The book is equipped with a list of literature, a subject index, and lists
of further reading after each subsection.


The present work should be commended for a serious examination of an
important social problem with due meticulousness. Language testing is one
of the fields of linguistic activities with direct and tangible bearing on
the human condition. One's educational and employment prospects are
oftentimes determined by the results of various language tests, which
necessitate the utmost professionalism in preparing, administering, and
grading/scoring. However, we are frequently confronted with criticism of
major language tests, such as Johnson (2001) who pointed out the
inadequacies of the Oral Proficiency Interview (OPI, see

Prof. Weir's book is an attempt to dissect the testing process into its
constituents and provide a credible model of validating each segment of
the process. The comprehensiveness and thoroughness of the model presented
in this book is impressive. The model is furthermore consistent, and
concrete solutions for each segment of the validation process are
provided. Equally strong is the breadth and depth of the literature in the
field as presented in each section of the book. The fact that each chapter
lists further reading is most valuable. An additional forte of the present
work is the rich exemplification of all key aspects of validation using
major language proficiency tests. Finally, a summary of the resources for
language testing is highly useful.

There are two minor formal disadvantages of this work. First,
overabundance of the boxed citations is at times distracting. One can
fully understand and justify the use of the boxes within the text in those
cases where the key concepts need to be explained. However, in this book
this graphic convention was overused, even for those instances where a
simple quotation embedded in the text would fully suffice. Second, the
book is not equipped with a names index. Given frequent references to
various authors in the field, and with graduate students as the book's
principal target audience, an author index should have been an integral
part of this work.

The present work addresses validity in a general context, and more
specifically in the context of major language proficiency tests. Language
ability is also assessed for less commonly taught languages classes at
different levels, where no major tests and testing procedures are
available. It may be useful, perhaps in the second edition of this work,
to address the issue securing maximal possible validation with limited
resources. For example, how can a teacher of Tatar achieve maximum
validity of his/her final exam, or a test assessing if the students meet a
university foreign language requirement, in a situation where limited time
and resources prevent him/her from deploying all validation procedures?

All aforementioned minor problems notwithstanding, Prof. Weir's book
provides a very useful language testing resource to a broad community of
applied linguists. This study will be particularly beneficial for graduate
students of applied linguistics, the principal target group of the
series " Research and Practice in Applied Linguistics."

Let us hope that the following wishes of the author find a fertile ground
in the world of language testing: "It is hoped that this book will provide
some help in clarifying the areas of test validity that we need to address
and that it will encourage Examining Boards and all test developers to
embark on a validity research agenda tailored to the level of stakes of
the tests they are involved in" (Weir, 2005: 284).
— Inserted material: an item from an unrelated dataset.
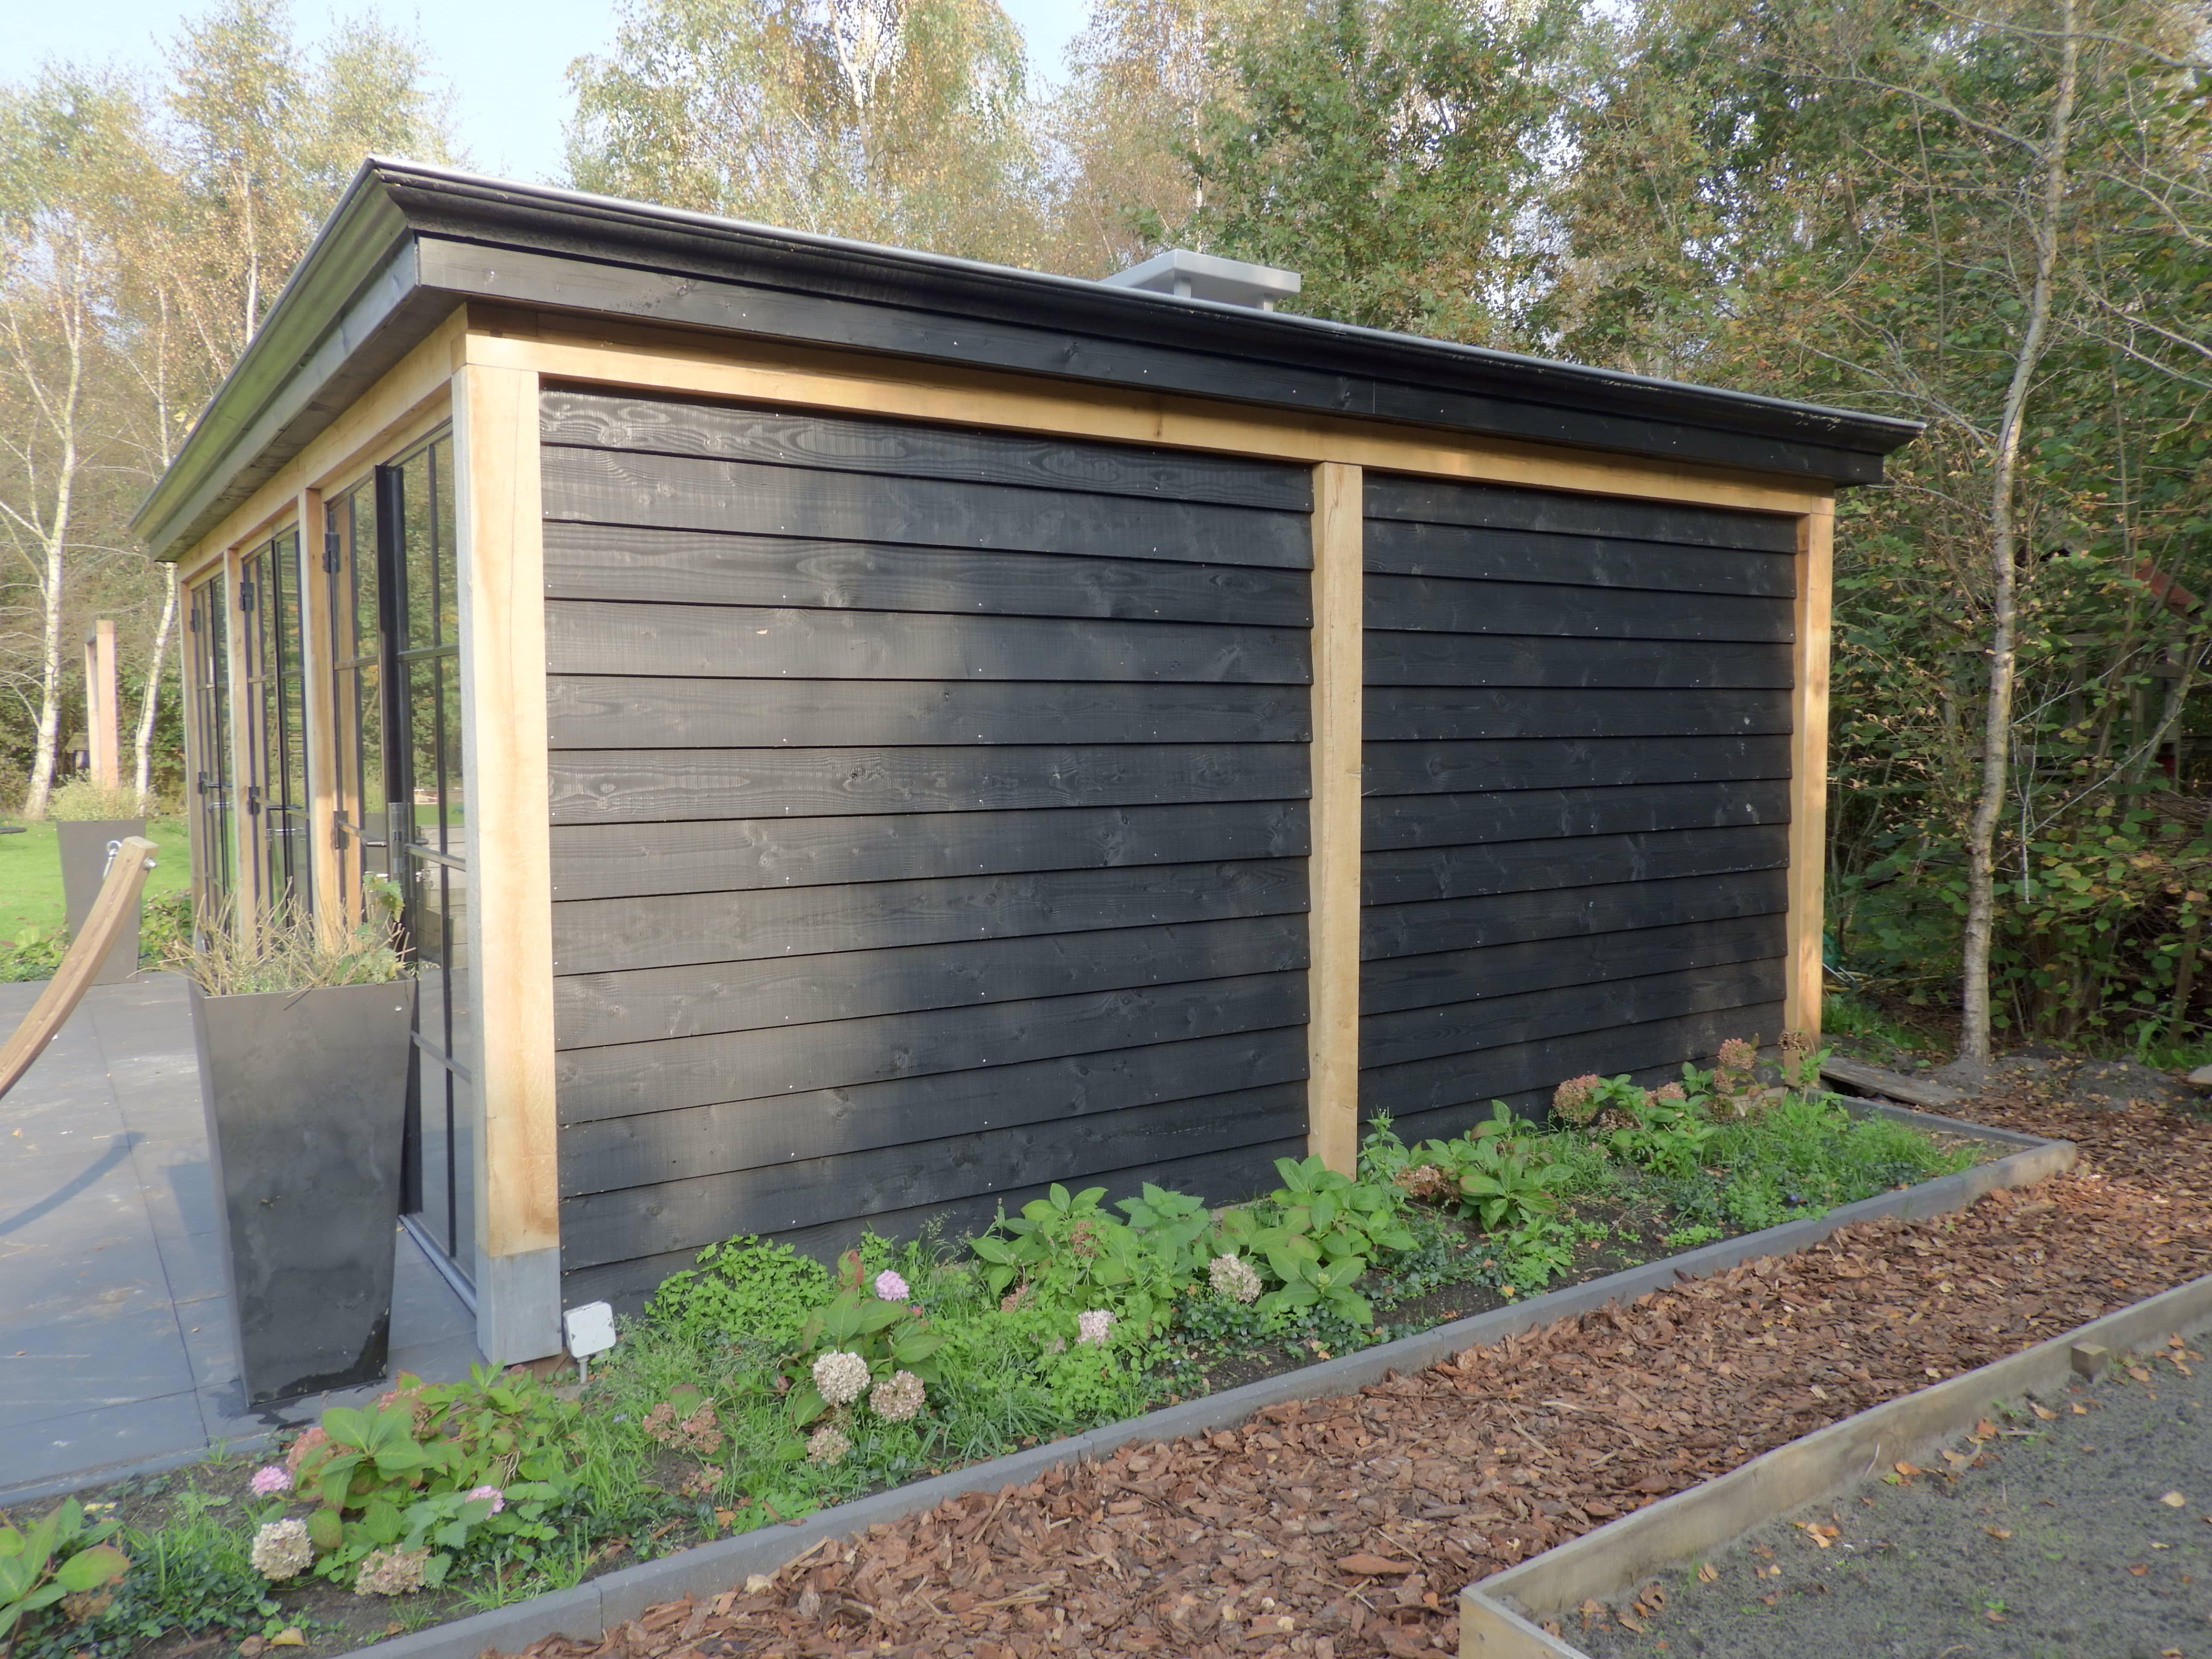 houten-tuinkamer-3 - Project Zwolle: Houten tuinkamer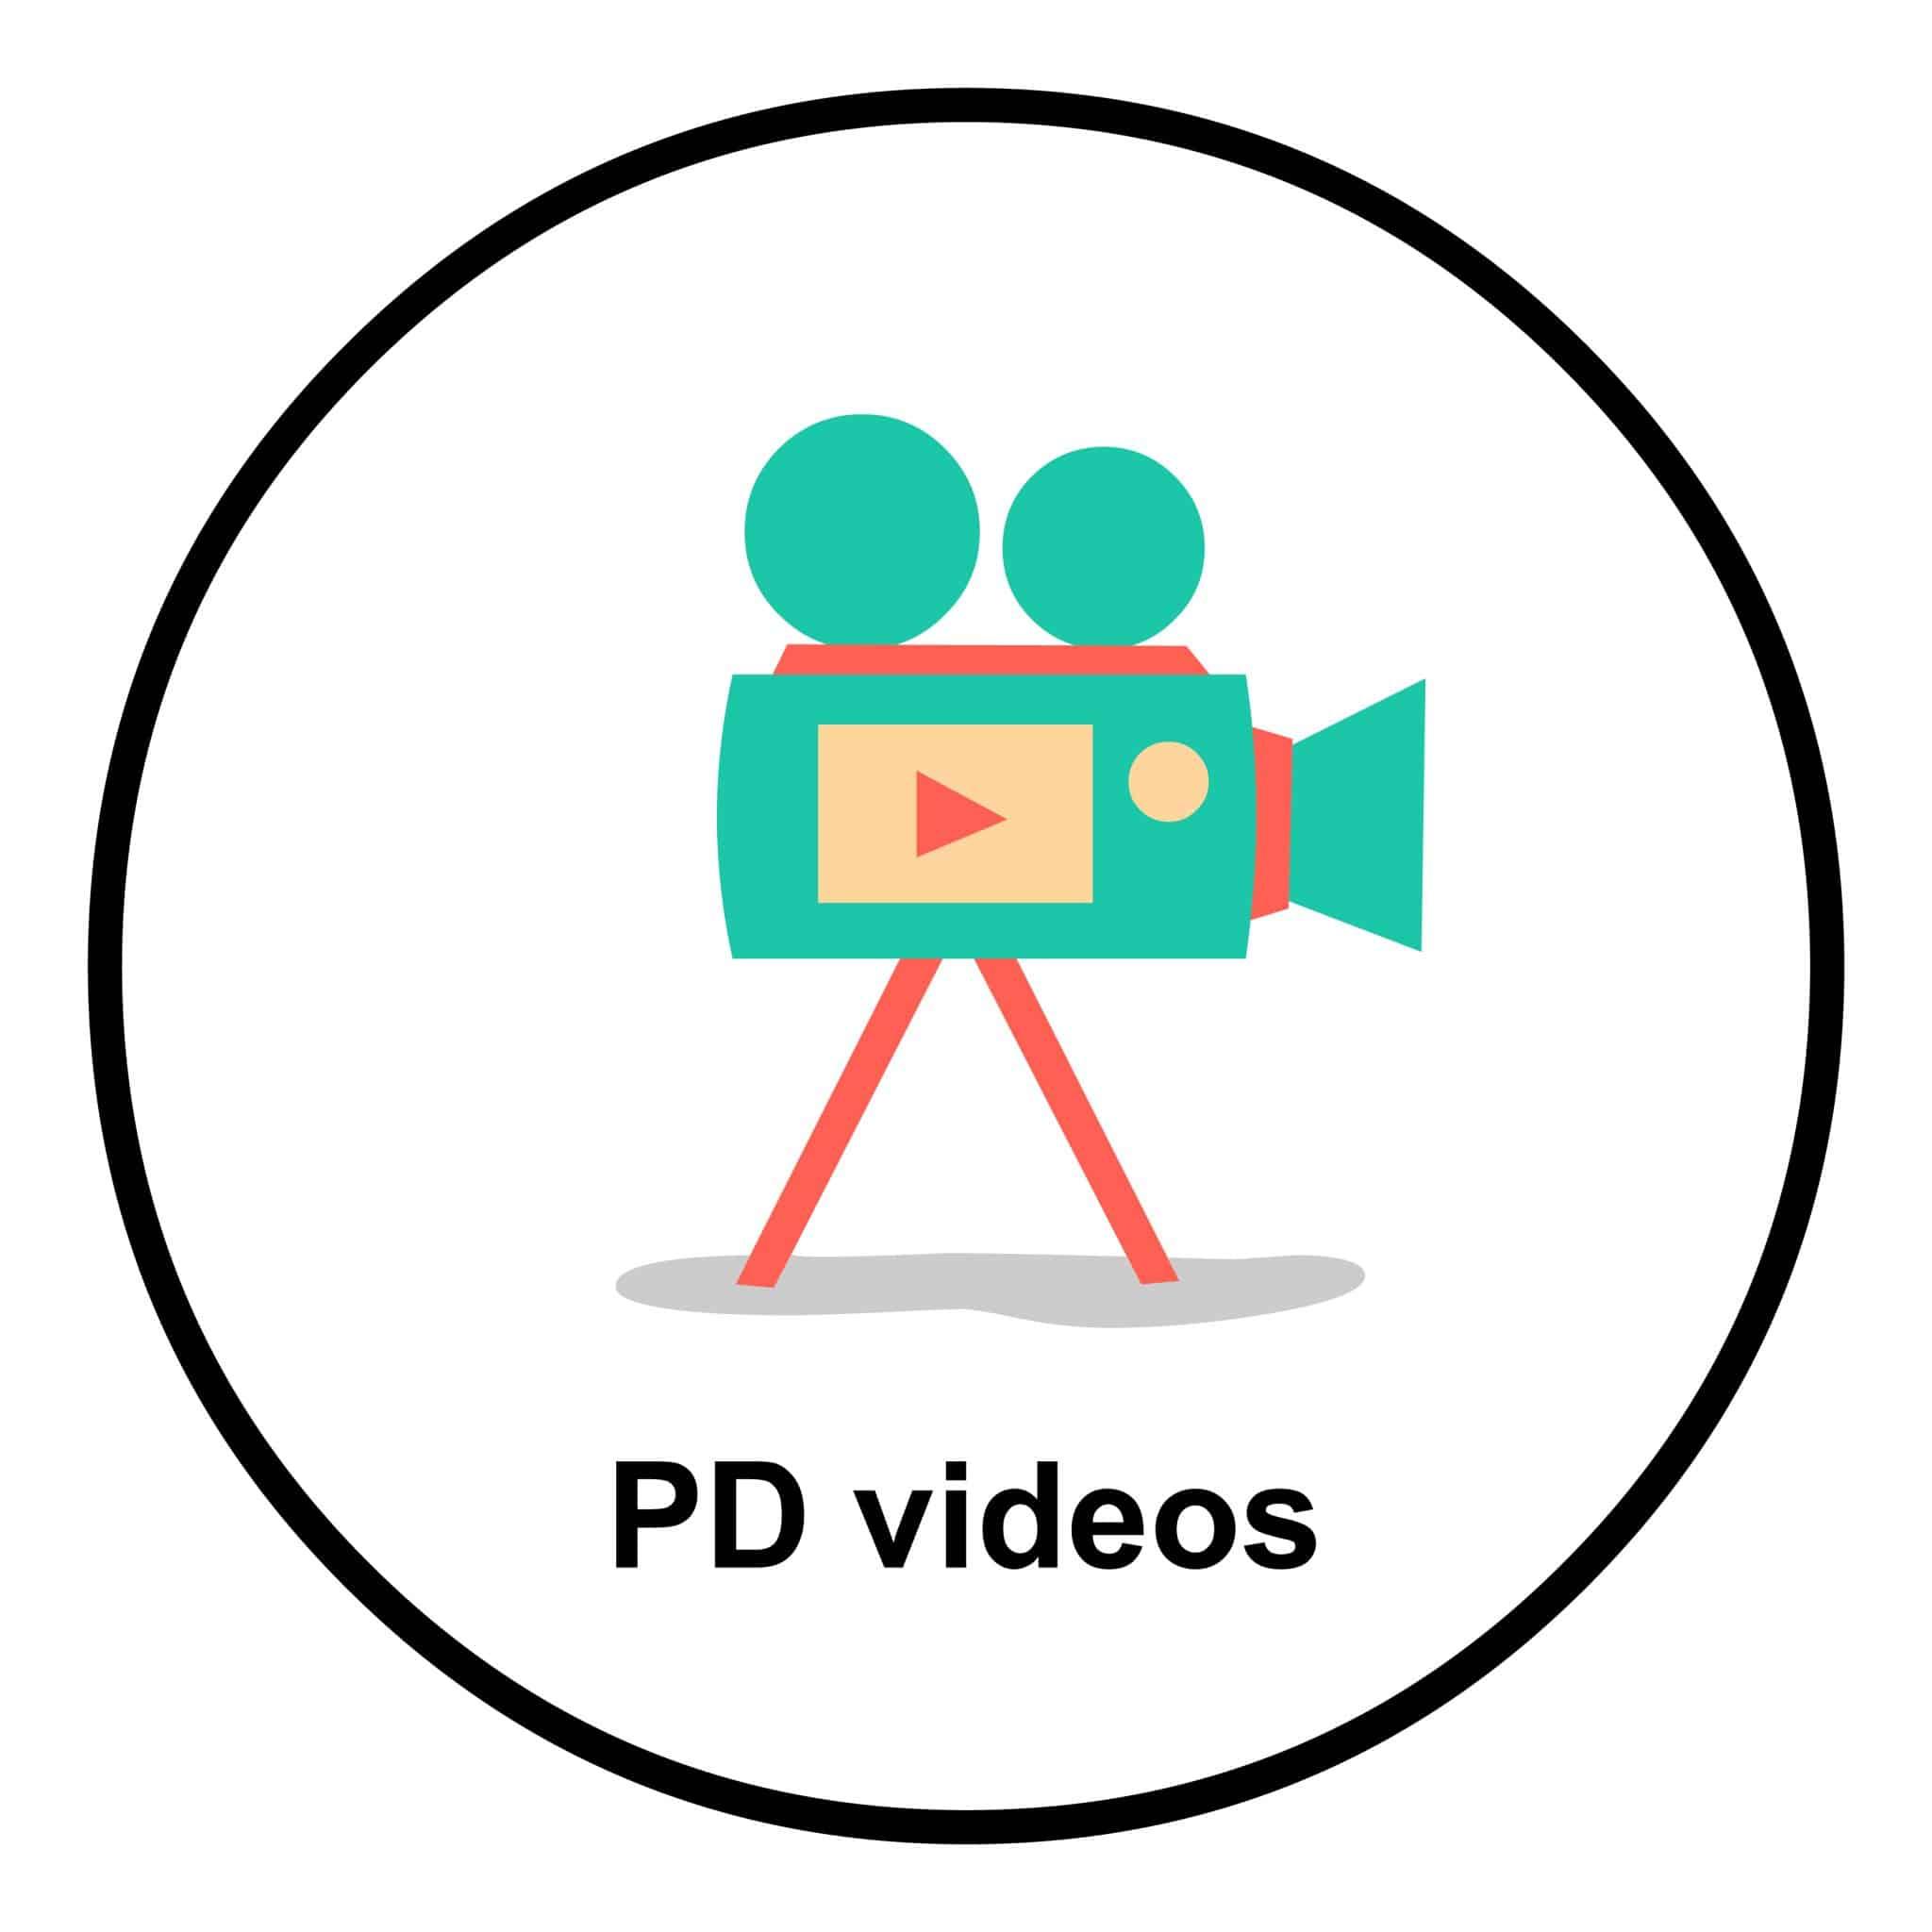 pd-videos

Johnson, M. (2001). The Art of Non-Conversation. New Haven: Yale
University Press.

Weir, C. (2005). Language Testing and Validation: An Evidence-Based
Approach. London: Palgrave Macmillan.


The author would like to extend his gratitude to Bryan Moore for
proofreading this review.


Danko Sipka ( holds a PhD and
Habilitation in Slavic Linguistics and a doctorate in Psychology. He is a
professor of Slavic languages at the Arizona State University Department
of Languages and Literatures. His numerous publications include the recent
volumes Serbo-Croatian-English Colloquial Dictionary (2000) and A
Dictionary of New Bosnian, Croatian, and Serbian Words (2002).